§ **Material provided**:
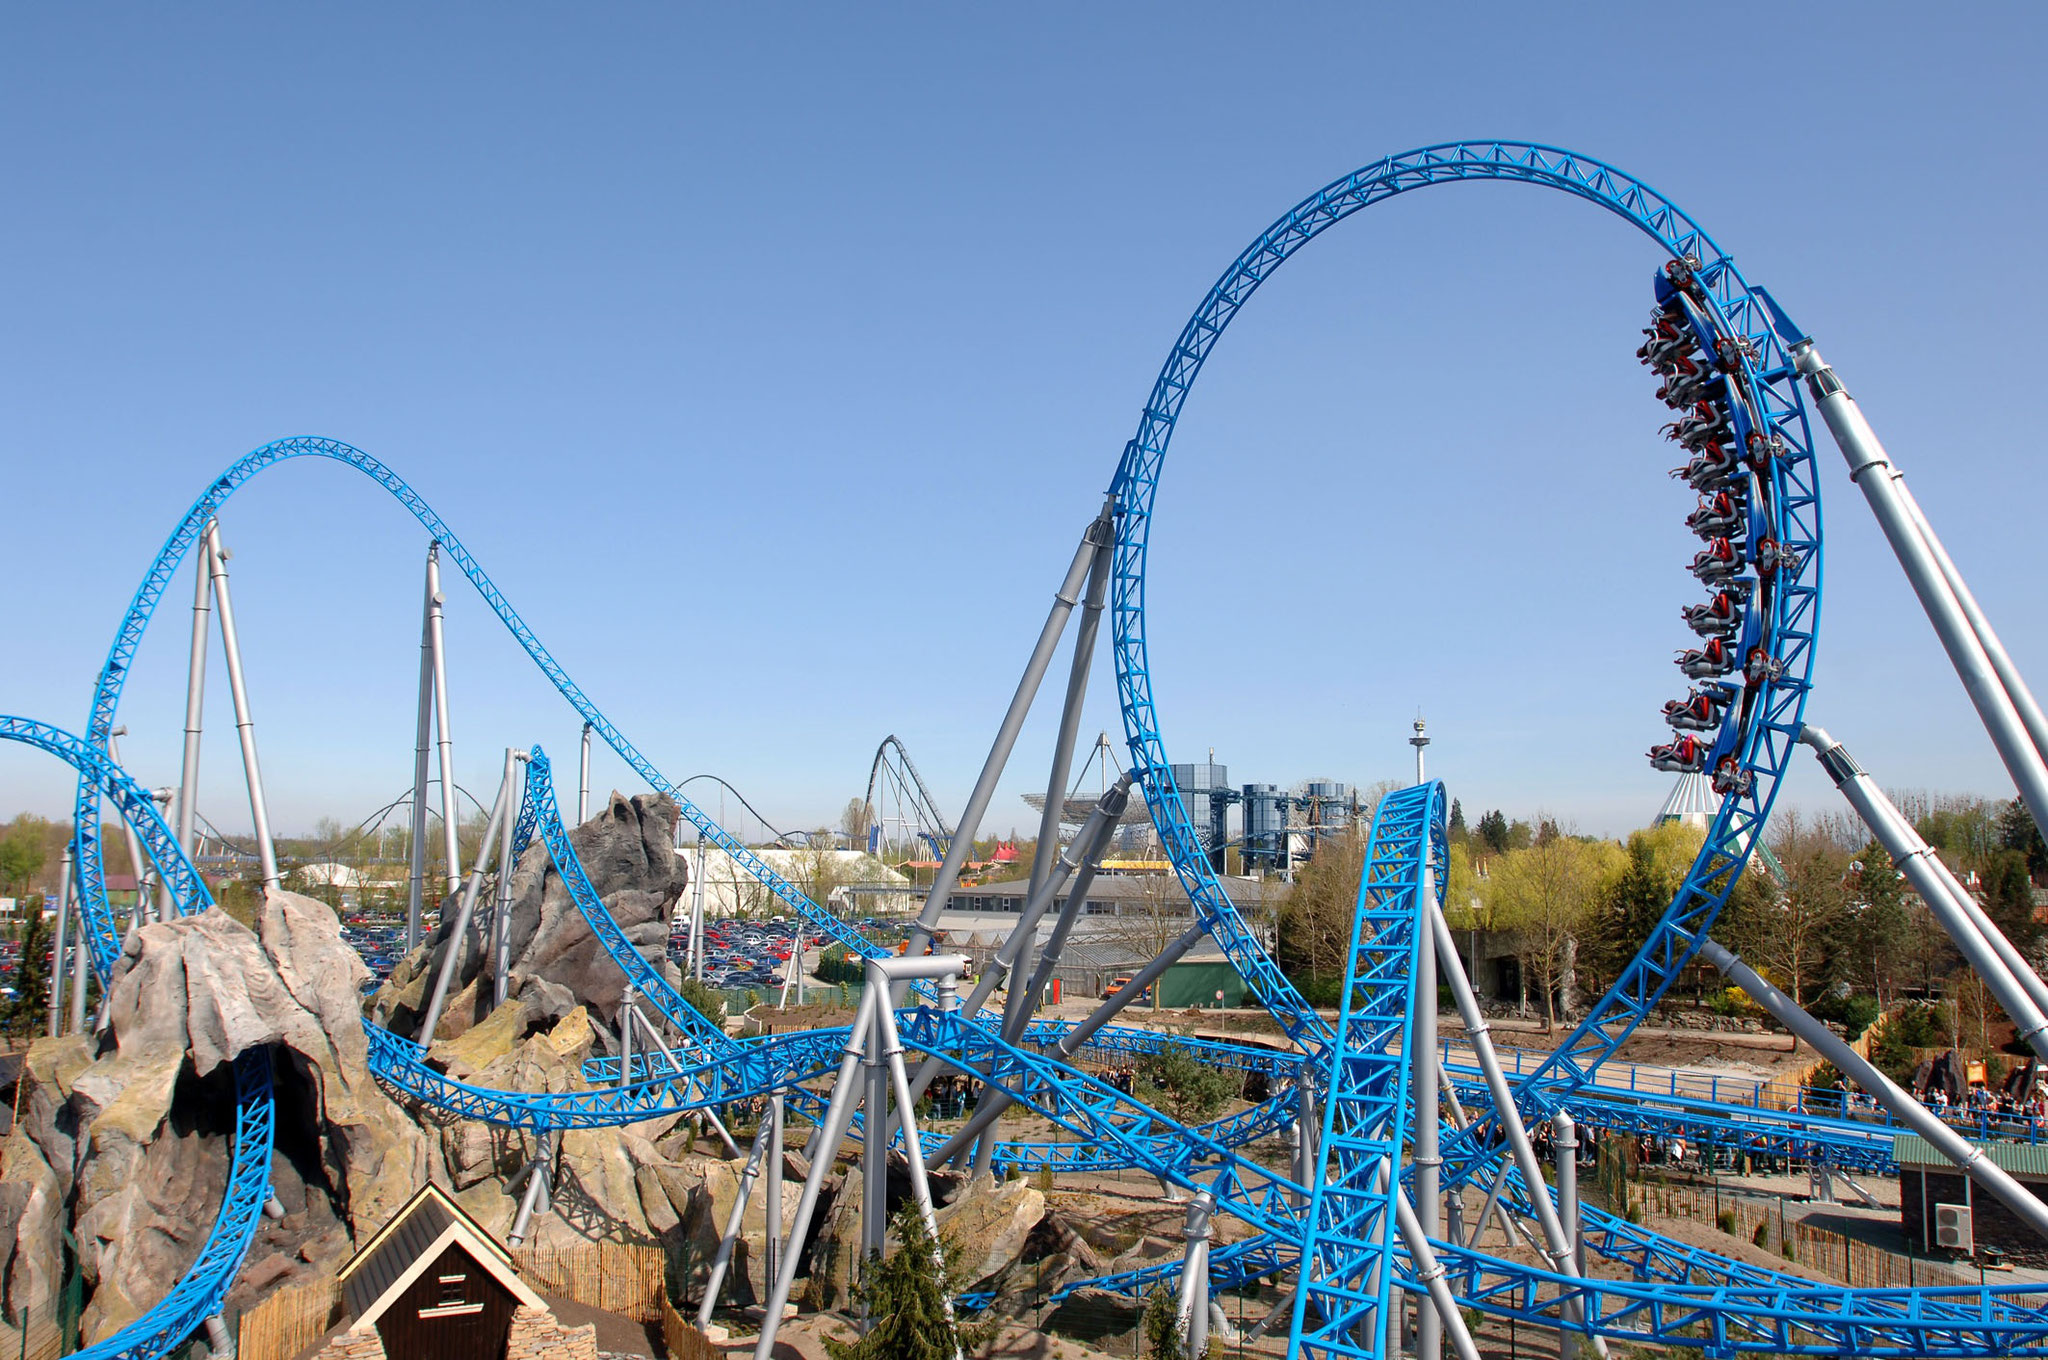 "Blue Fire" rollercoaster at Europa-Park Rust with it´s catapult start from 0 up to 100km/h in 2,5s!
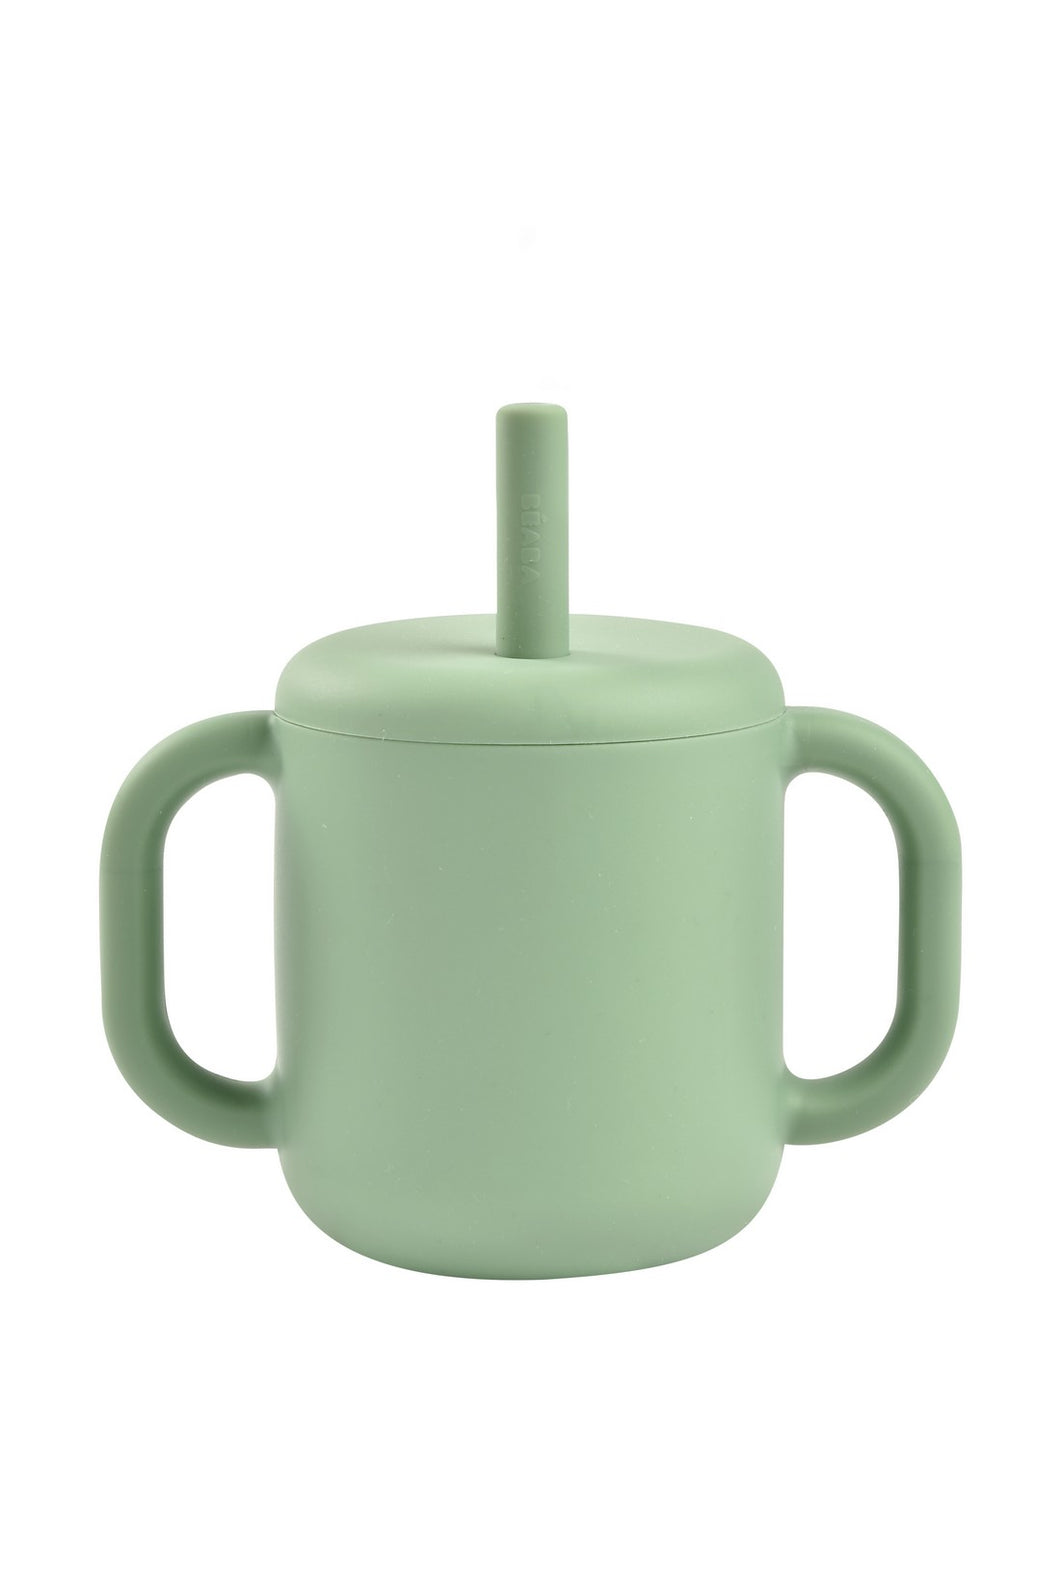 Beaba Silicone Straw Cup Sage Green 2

---

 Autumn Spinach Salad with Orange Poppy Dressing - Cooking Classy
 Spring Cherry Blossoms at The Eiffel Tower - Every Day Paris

§ **Activity**:
Each line above starting at the one holding "100km/h in 2,5s!" and ending at the one holding "Beaba Silicone Straw Cup Sage Green 2" should be set down exactly as it stands, both ends included, with no pictures.

§ **Task result**:
 "Blue Fire" rollercoaster at Europa-Park Rust with it´s catapult start from 0 up to 100km/h in 2,5s!
 Beaba Silicone Straw Cup Sage Green 2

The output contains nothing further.